Provided material:
*** Block opens ***

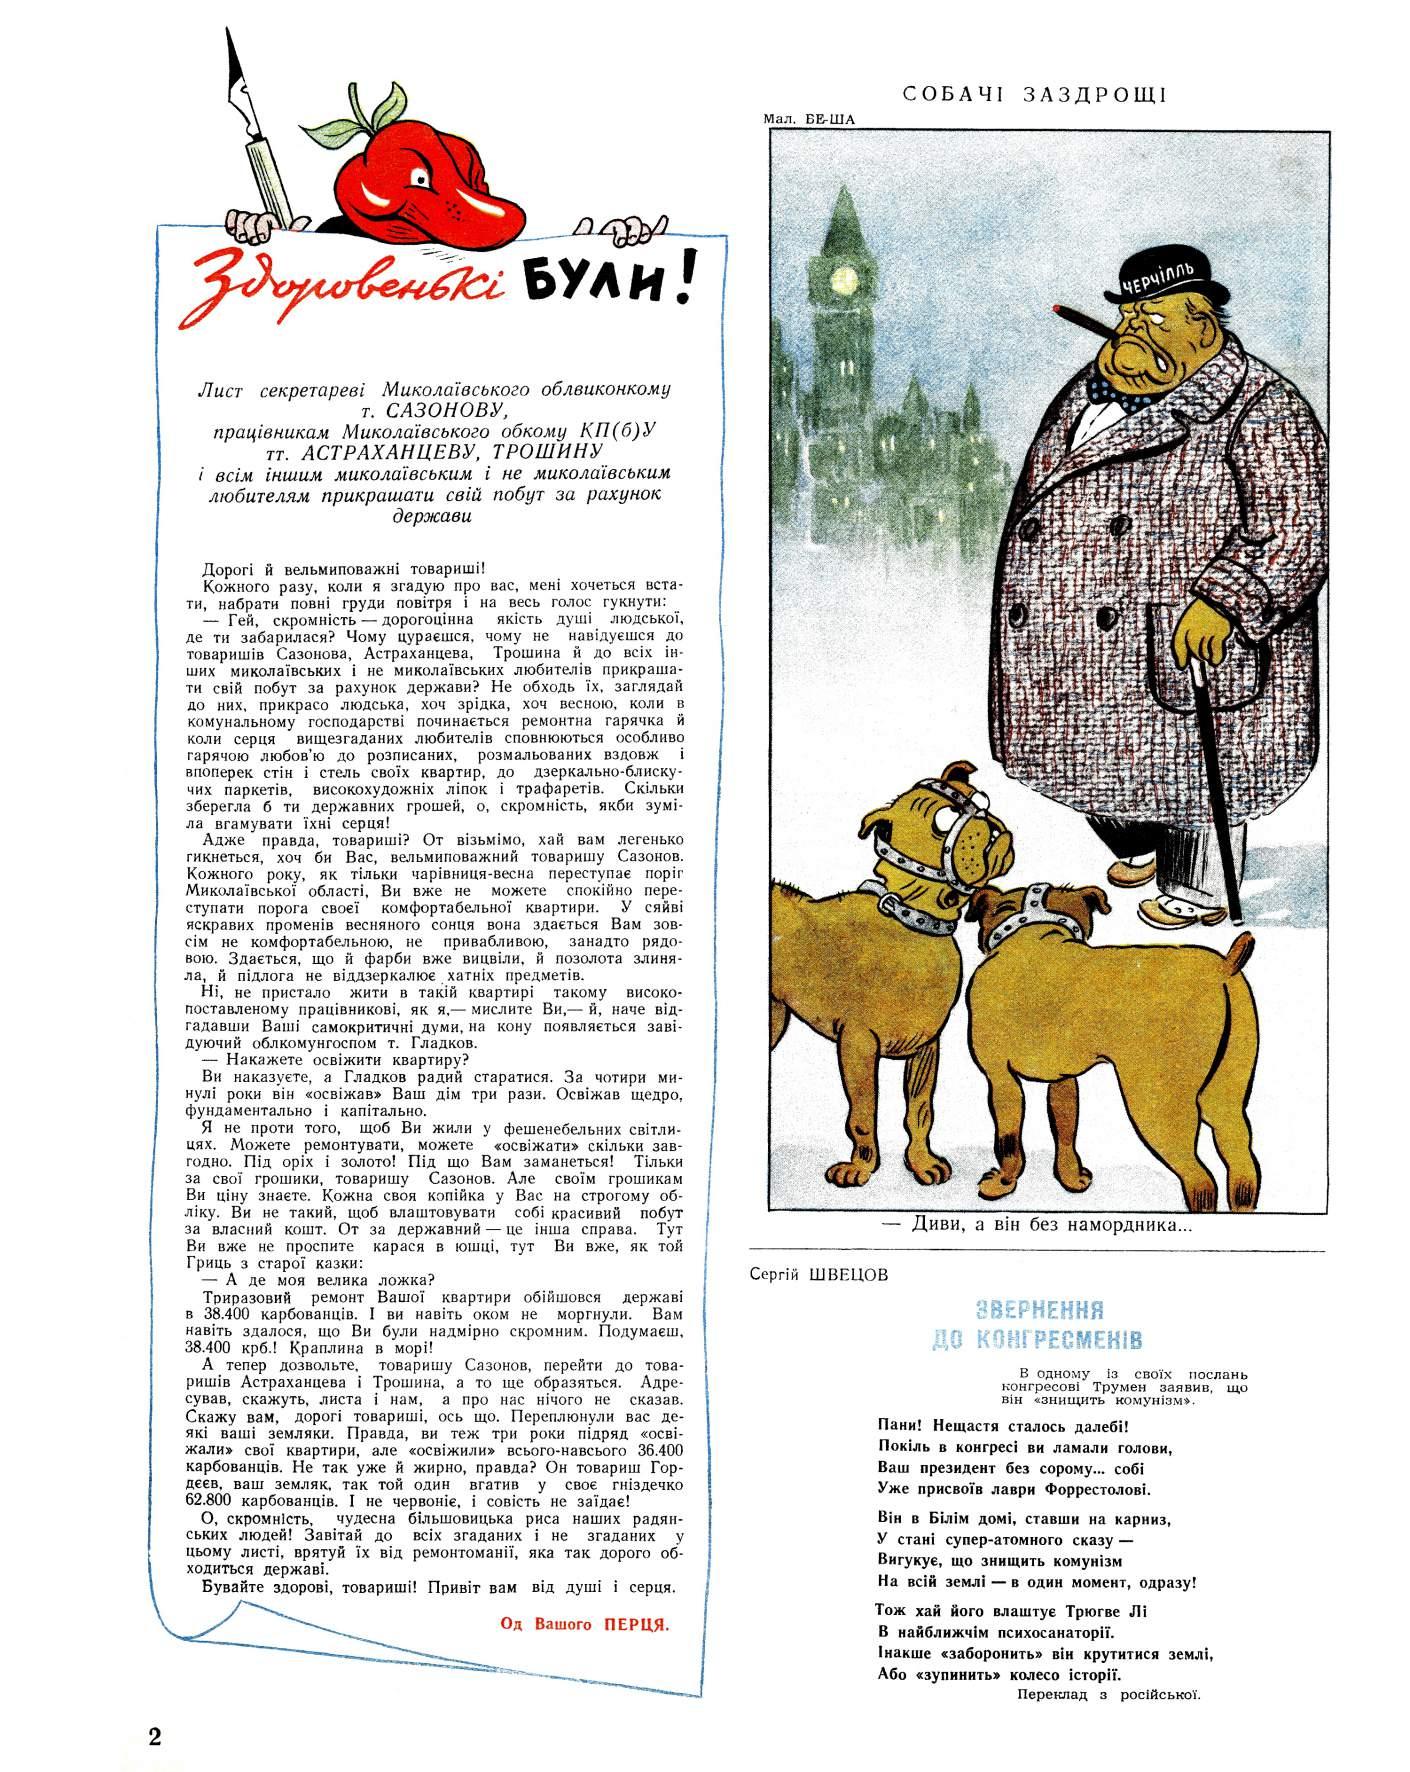 Журнал перець 1951 №05
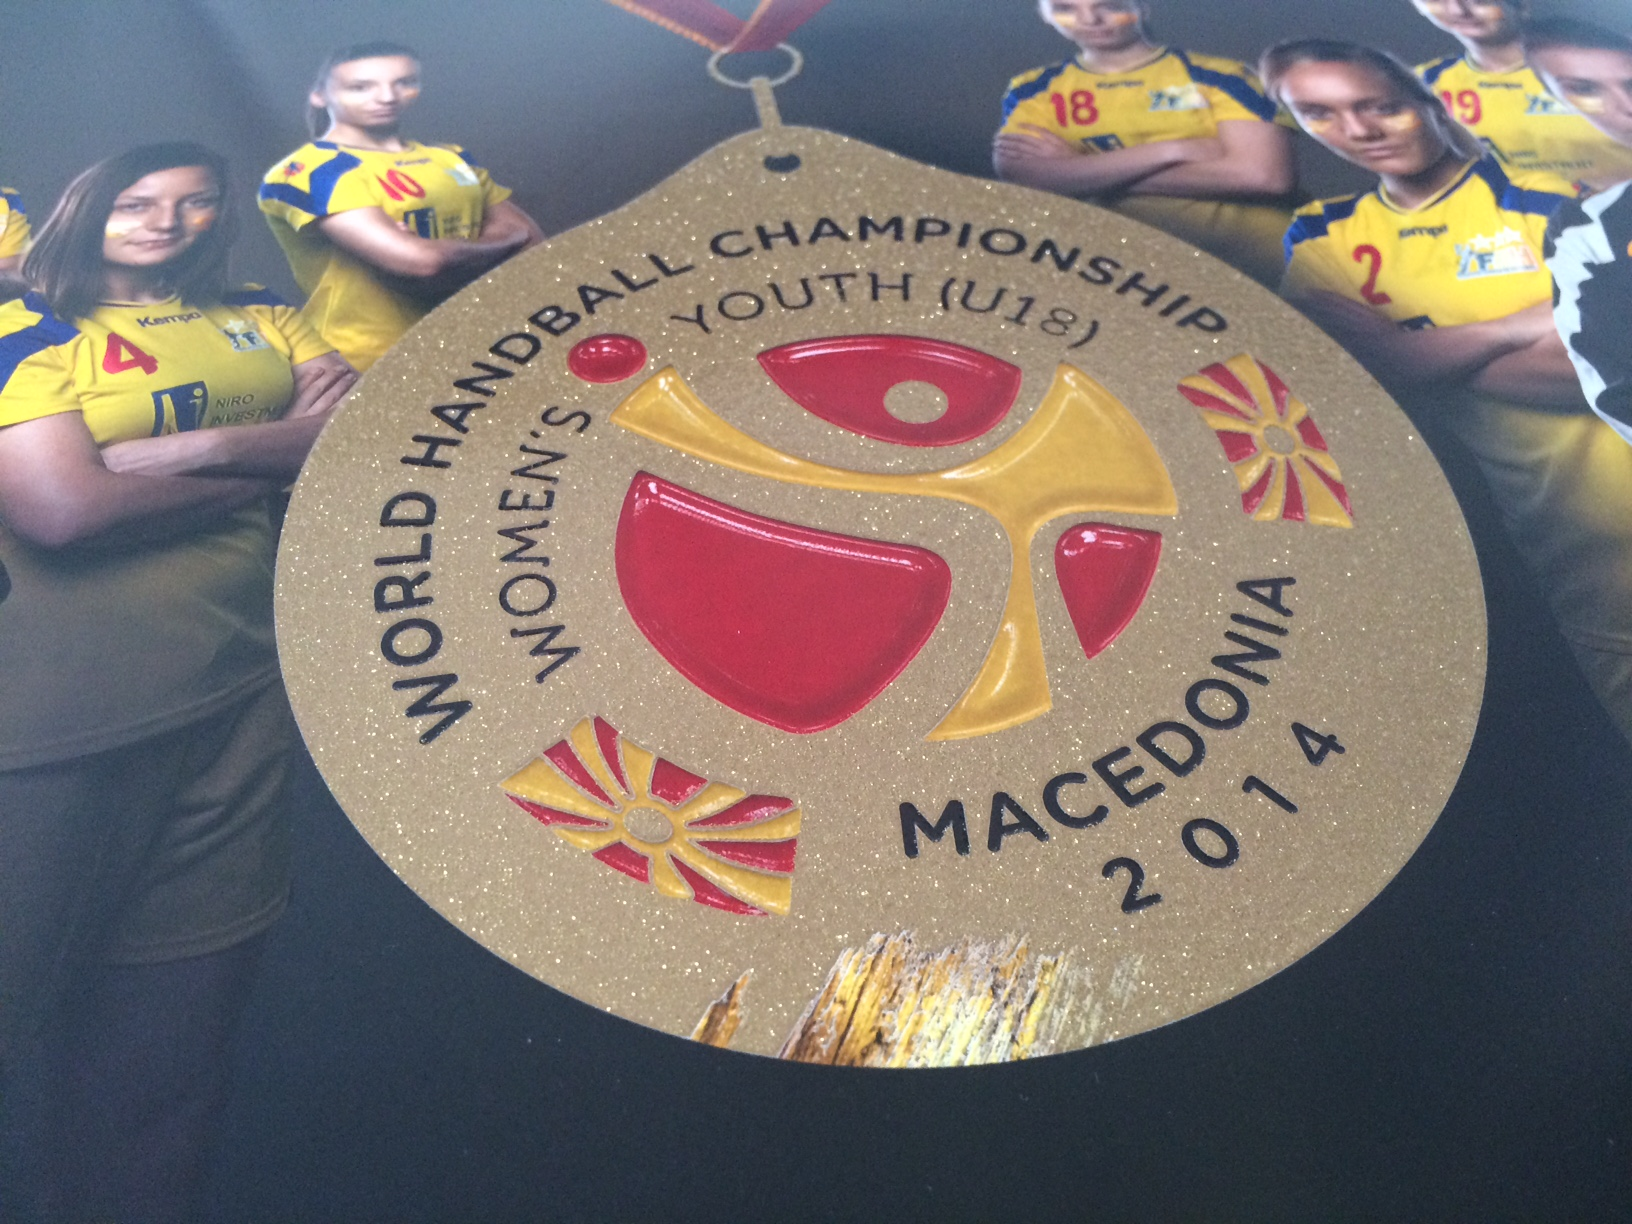 afis cu aur de la campionatul mondial de handbal u18 (1)
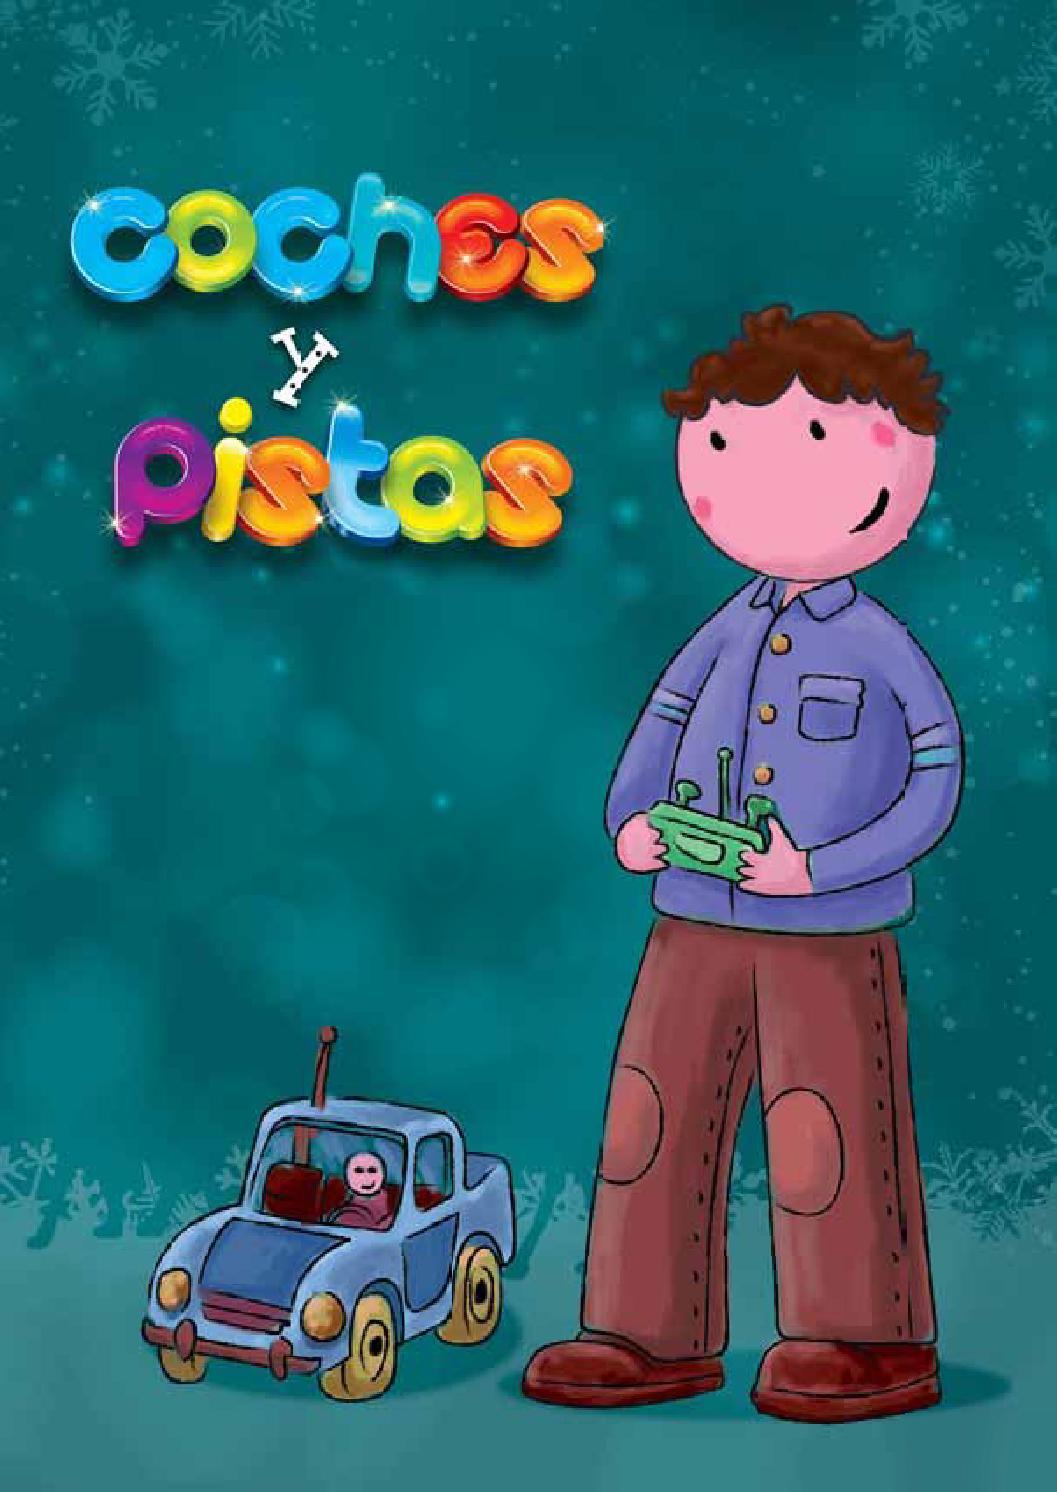 Coches By Corte Pistas Y Losdescuentos El Issuu Ingles uc3l1TFK5J

*** Block closes ***

Work request: Once the pictures are set aside, give the rest of the listing again exactly.

Response area:
 Журнал перець 1951 №05
 afis cu aur de la campionatul mondial de handbal u18 (1)
 Coches By Corte Pistas Y Losdescuentos El Issuu Ingles uc3l1TFK5J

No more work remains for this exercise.